WAKE COULDN’T SEE a thing. Blind drunk, that’s what he was. That was just part of it, though. He had been drunk before, plenty of times, too many times, but it wasn’t like this. Never… never drink moonshine made by crazy people. That was the lesson here.

But where was here?

All he knew was that he was standing up and that he was so angry that his ears ached. He was always angry, seemed like it anyway. He reached out into the smoky-gray haze that surrounded him and felt nothing. The last thing he remembered was sitting on the couch with Barry, the two of them guzzling moonshine as a record skipped and skipped and skipped. Caught in the groove of an old LP was the Andersons’ message to him, a song they had written years earlier, a song that pointed the way to get Alice back. The song had been a message from the Anderson brothers, but their homebrew had been a bonus, a ticket that took Wake back to a place he needed to go.

Light flickered beyond the veil and Wake could hear something now. A voice, faint but still… it was a woman’s voice. Alice’s voice.

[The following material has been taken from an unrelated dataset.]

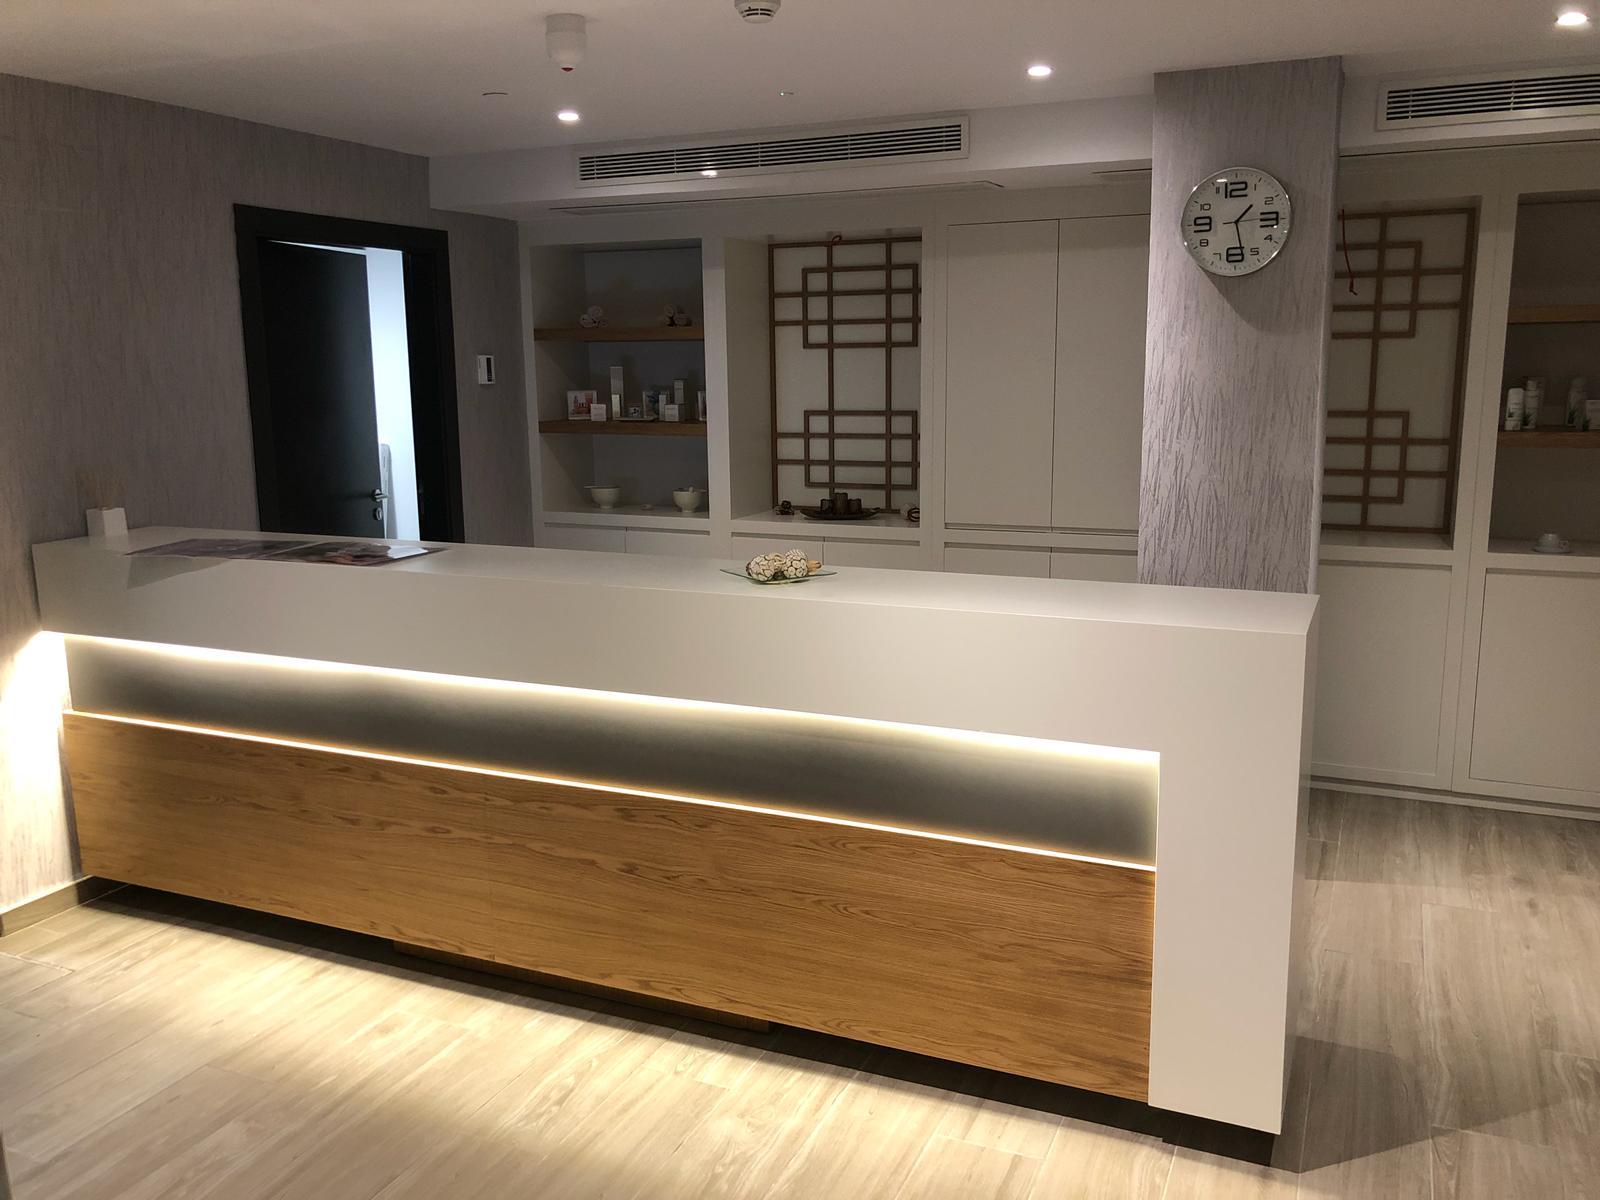 Opincan - HOTEL SBH MAXORATA RESORT - Zona SPA 2

“Alice!” His voice sounded like a snarl, revealing not a trace of the relief and eagerness that he felt. In fact, his voice sounded exactly the opposite. “Dammit, Alice, mind your own business!” No, Wake hadn’t said that. He couldn’t have said that… but he had.

The haze was thinning out. He could make out someone standing in front of him. “Just leave me alone!” It was his voice, but it wasn’t what Wake wanted to say, and again he was aware of the rage boiling inside him, ready to explode.

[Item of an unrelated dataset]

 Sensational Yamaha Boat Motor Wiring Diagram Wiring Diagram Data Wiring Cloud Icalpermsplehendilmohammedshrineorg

Alice looked up at him. “I… I was just trying to help.”

Wake wanted to embrace her, hold her close, kiss her, but he couldn’t move. Couldn’t control his arms. Or his words. “I didn’t ask for your help.”

Tears ran down Alice’s cheeks, but she raised her face at him, defiant. “That’s your problem, not mine, Alan.”

Wake looked around. It was night and they were upstairs in the study of the Bird Leg Cabin. It was their first night in Bright Falls. Over there under the window was the desk, Thomas Zane’s desk, although Wake hadn’t known it at the time. Wake’s typewriter was on the desk, his old manual typewriter that Alice had secretly brought with her from New York. A surprise for him. Something to please him. The typewriter meant to encourage him to work in this new setting, this new place, away from the pressures and temptations of the city. A fresh start. Not just for the work, a fresh start for them.

Instead of pleasing him, the sight of the typewriter had enraged him. Wake’s selfishness and arrogance had ruined everything, made him lash out at her, accusing her of trying to manipulate him. He remembered the sound of Alice crying out in the dark, remembered running toward the cabin, trying to save her. He had failed that first night, but now… now he had a second chance, a chance to make things right, a chance to stop fighting with Alice and take her off the island.

“I’m tired of fighting with you, Alan.”

“You have no idea what I have to deal with,” barked Wake. “You haven’t got a goddamned clue.”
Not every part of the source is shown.